**COLLECTED MATERIAL**

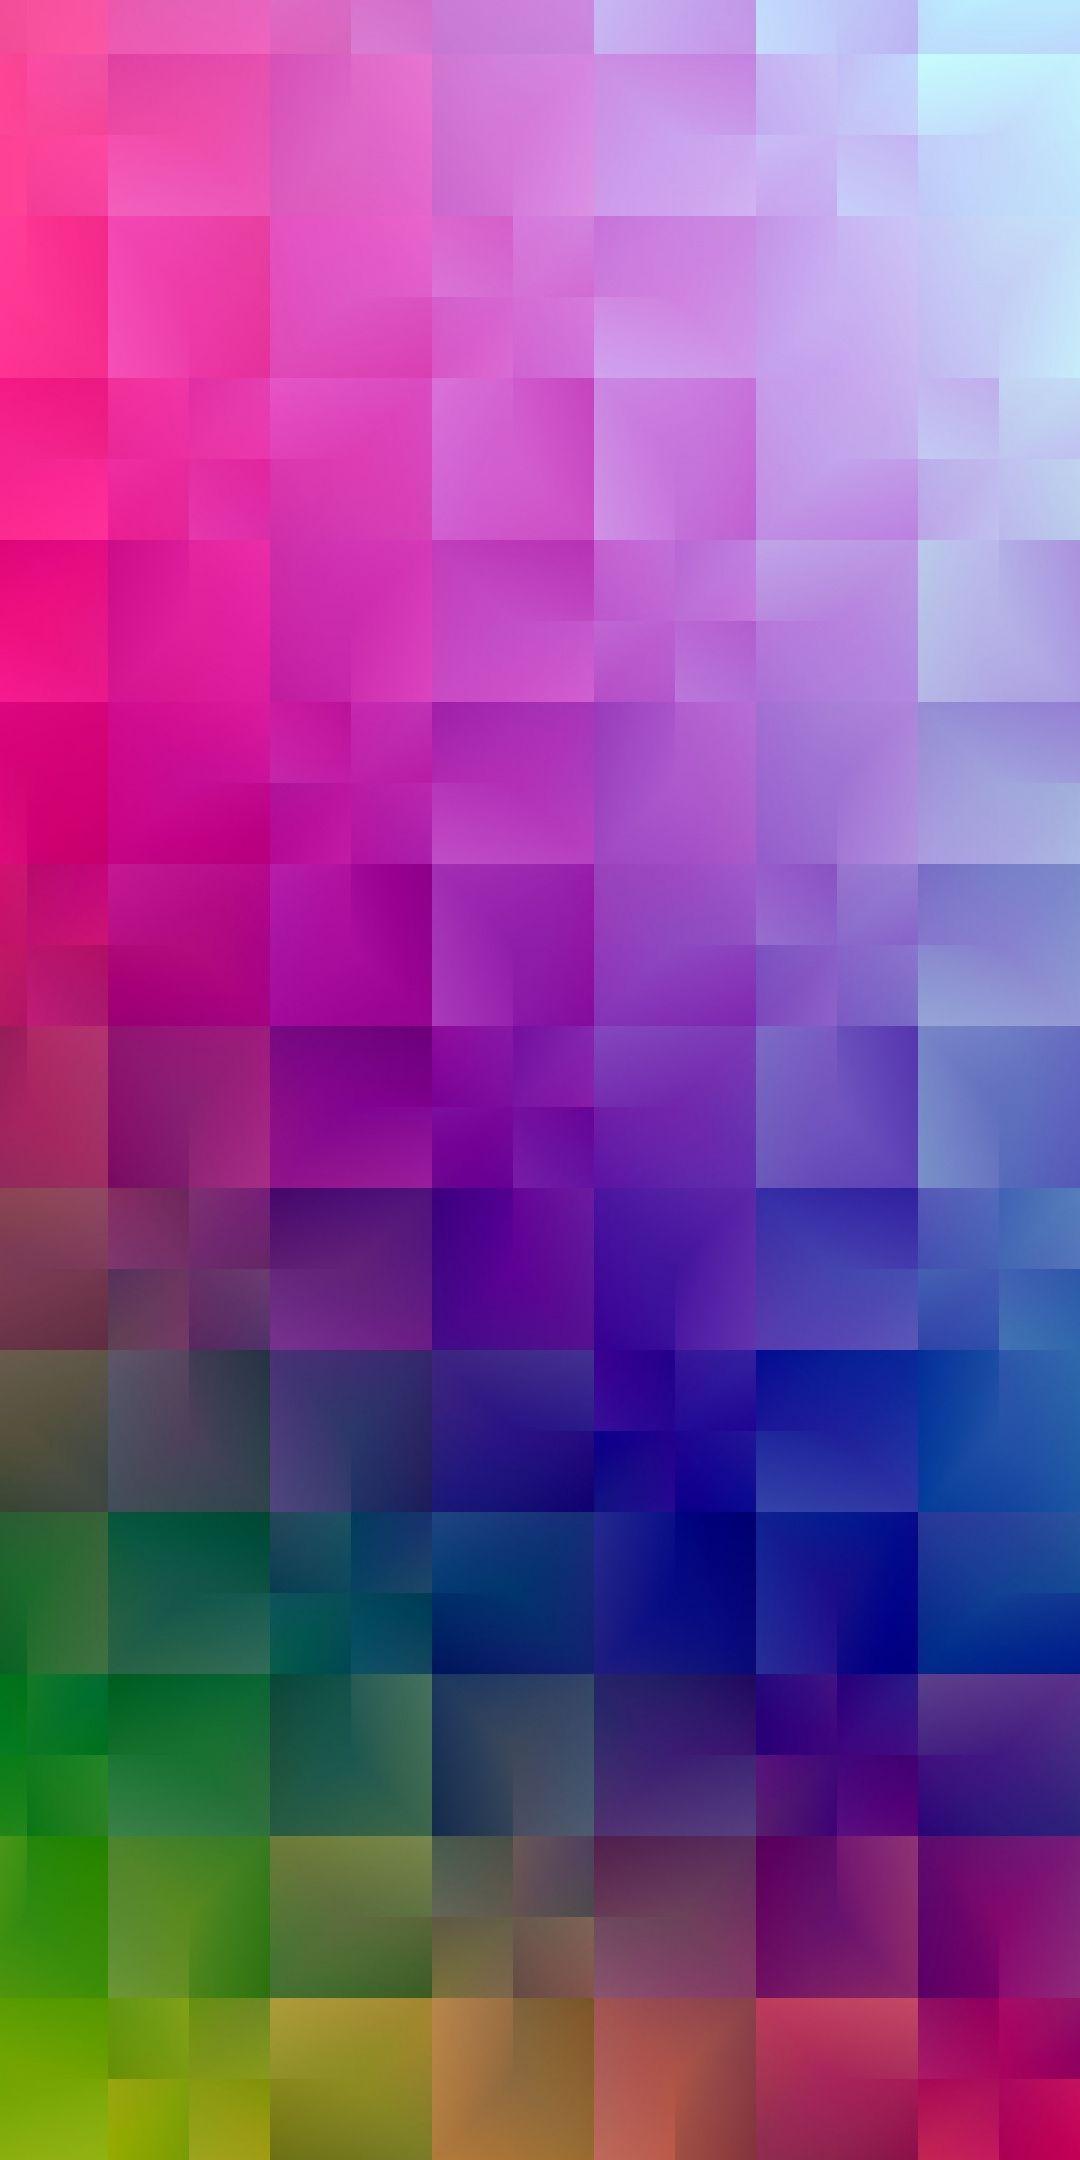 Gradient Colorful Squares 2019 1080x2160 Wallpaper Colorful Wallpaper Apple Wallpaper Rainbow Wallpaper
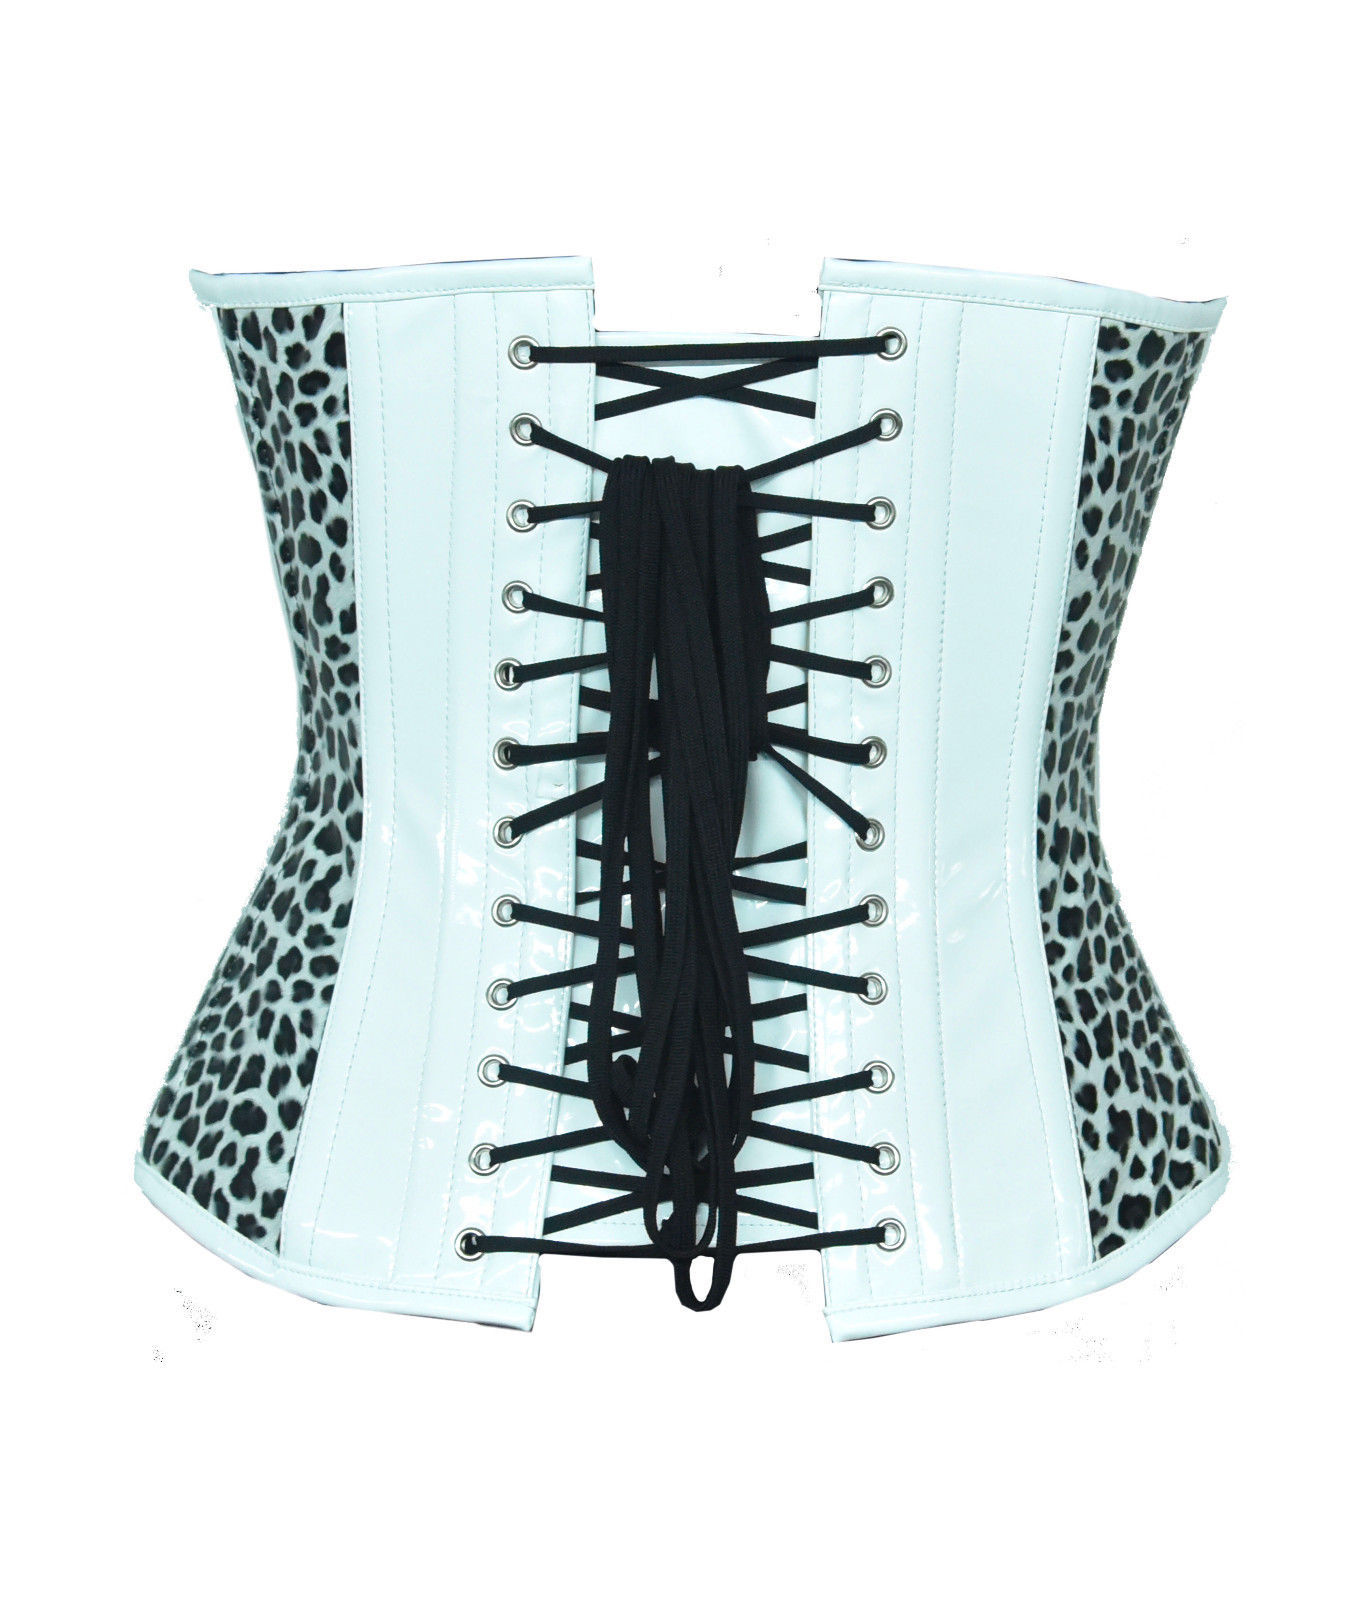 Black White Print Leather Gothic Steampunk Waist Cincher Bustier Overbust Corset
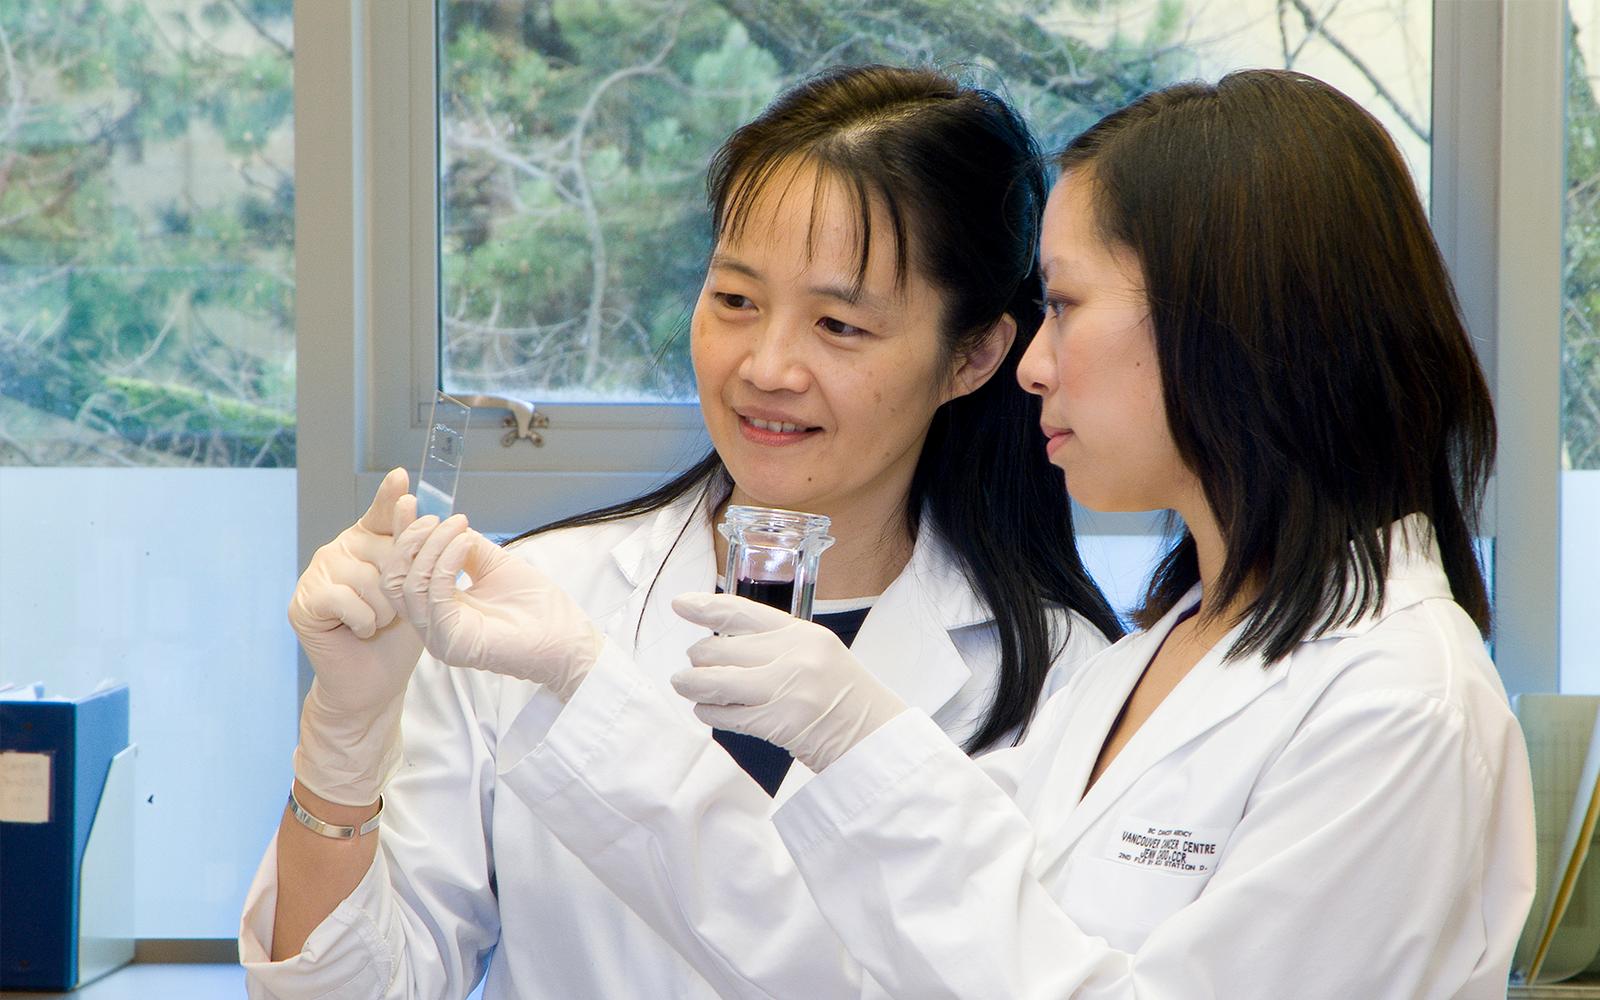 Dr. Catherine Poh

**PROBLEM STATEMENT**
Transcribe the listing verbatim, pictures excluded.

**EXERCISE SOLUTION**
 Gradient Colorful Squares 2019 1080x2160 Wallpaper Colorful Wallpaper Apple Wallpaper Rainbow Wallpaper
 Black White Print Leather Gothic Steampunk Waist Cincher Bustier Overbust Corset
 Dr. Catherine Poh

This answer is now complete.